Tra intimità e grandezza

22 Luglio 2026 ore 21.00

Biglietti

Lecce, Chiostro dell’accademia di Belle Arti

Chiostro dell’Accademia di Belle Arti – Lecce
/ MAPS

Johannes Brahms

Sonata per pianoforte e violoncello n. 1 in mi minore op. 38
Allegro non troppo
Allegretto quasi Minuetto e Trio
Allegro

Johannes Brahms

Quintetto per pianoforte e archi in fa minore op. 34
Allegro non troppo
Andante, un poco Adagio
Scherzo. Allegro e Trio
Finale. Poco sostenuto. Allegro non troppo

Nell'ambito del Progetto Speciale:As part of the Special Project:
Nel segno di Dvořák e Brahms: il pianoforte da camera

Nell'ambito del Progetto Speciale:As part of the Special Project:
Futuro Presente

Con il sostegno di MiC e di SIAE, nell'ambito del programma With the support of MiC and SIAE, within the framework of the program Per Chi Crea

In collaborazione con In partnership with Fondazione Sylva

Disponibile pullman A/R da Lecce (Porta Napoli)
Servizio a pagamento - 12 euro
Info e prenotazioni:
Return bus available from Lecce (Porta Napoli)
Paid service - 12 euros
Info and reservations:
federicaoperaprima@gmail.com

Nell’ambito del Progetto Speciale “ Nostalgia e ironia in Rachmaninov e Poulenc”

As part of the Special Project "Nostalgia and irony in Rachmaninov and Poulenc"

Andrea Obiso

Violino

Nato nel 1994, ha vinto a inizio anno il concorso di Violino di Spalla dell'Orchestra dell'Accademia Nazionale di Santa Cecilia. Riconosciuto "enfant prodige", ha iniziato lo studio del violino e del pianoforte a sei anni e a dodici ha debuttato come solista con l'Orchestra Sinfonica Siciliana.

Vincitore di prestigiosi concorsi internazionali, tra cui l'"ARD International Violin Competition 2017" di Monaco (con premio speciale per la miglior prima assoluta), il Prix Ravel 2017 (1° Premio e Premio del Pubblico), e il 2° Premio al "XI A. Khachaturian International Violin Competition 2015".
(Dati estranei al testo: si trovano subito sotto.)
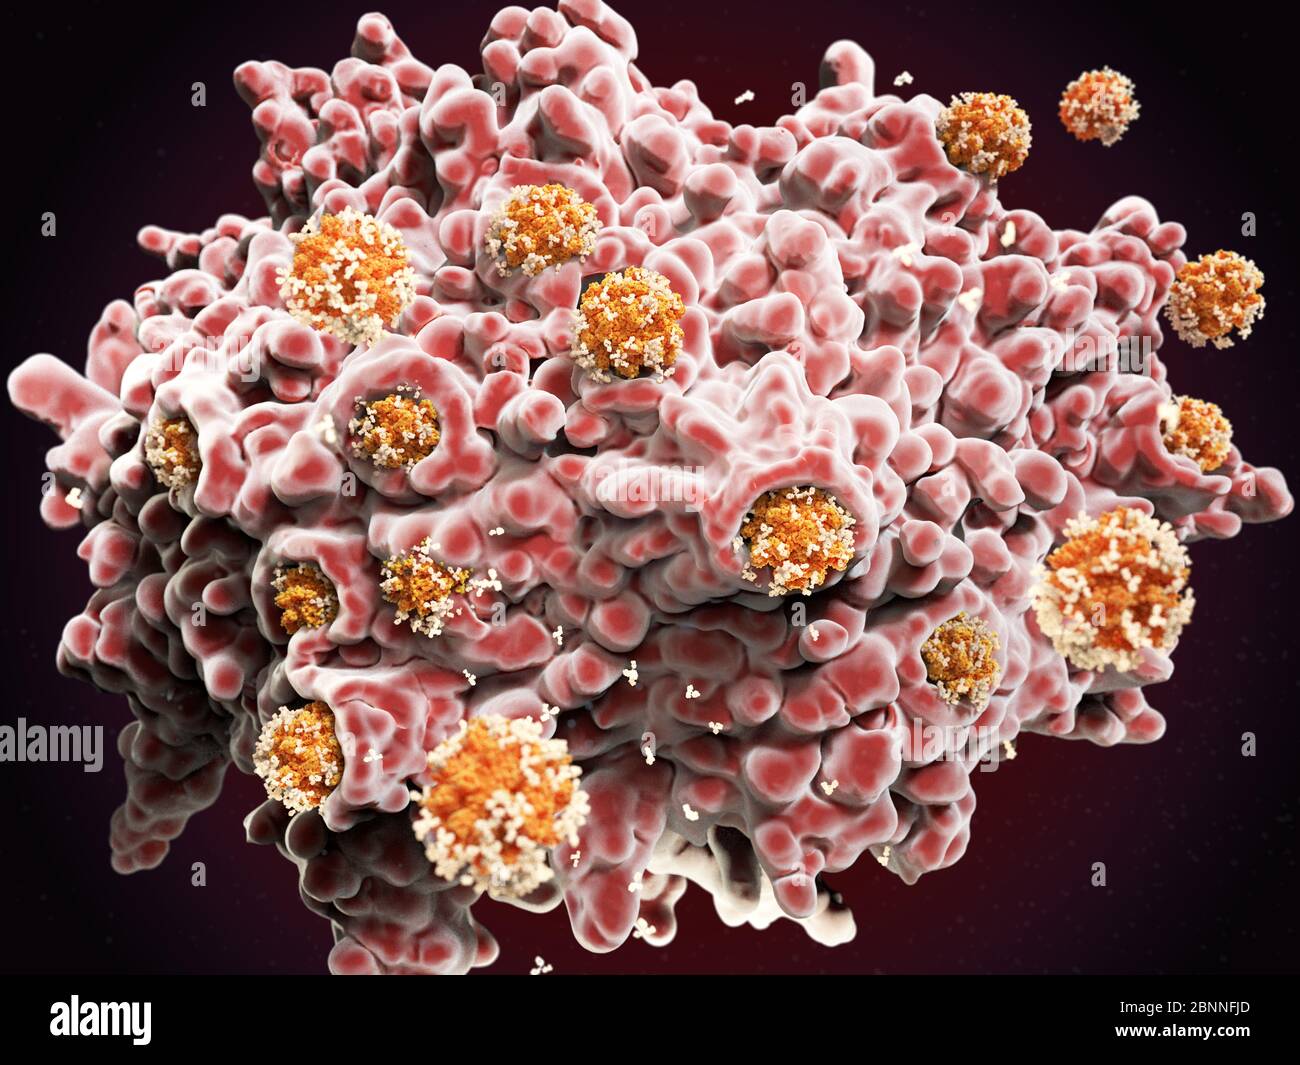 Abbildung einer Makrophagen-weißen Blutkörperchen (rosa), die Coronavirus-Partikel (orange) verschlingen. Dieser Prozess wird Phagozytose genannt. Makrophagen sind Zellen des körpereigenen Immunsystems. Sie nehmen Phagozytose (engulf) auf und zerstören Krankheitserreger, abgestorbene Zellen und Zellreste. Die Coronavirus-Partikel wurden mit Antikörpern (weiß) markiert, um den Makrophagen zu signalisieren, sie zu zerstören. Stockfoto

Ha debuttato alla Philharmonie di Berlino con la Deutsches Symphonie Orchester Berlin, al palazzo del Cremlino con la Moscow Virtuosi Chamber Orchestra e Vladimir Spivakov, alla Shanghai Symphony Hall e in America Latina. Nel 2017 si è esibito alla Herkulessaal e al Gasteig di Monaco con la Symphonieorchester des Bayerischen Rundfunks.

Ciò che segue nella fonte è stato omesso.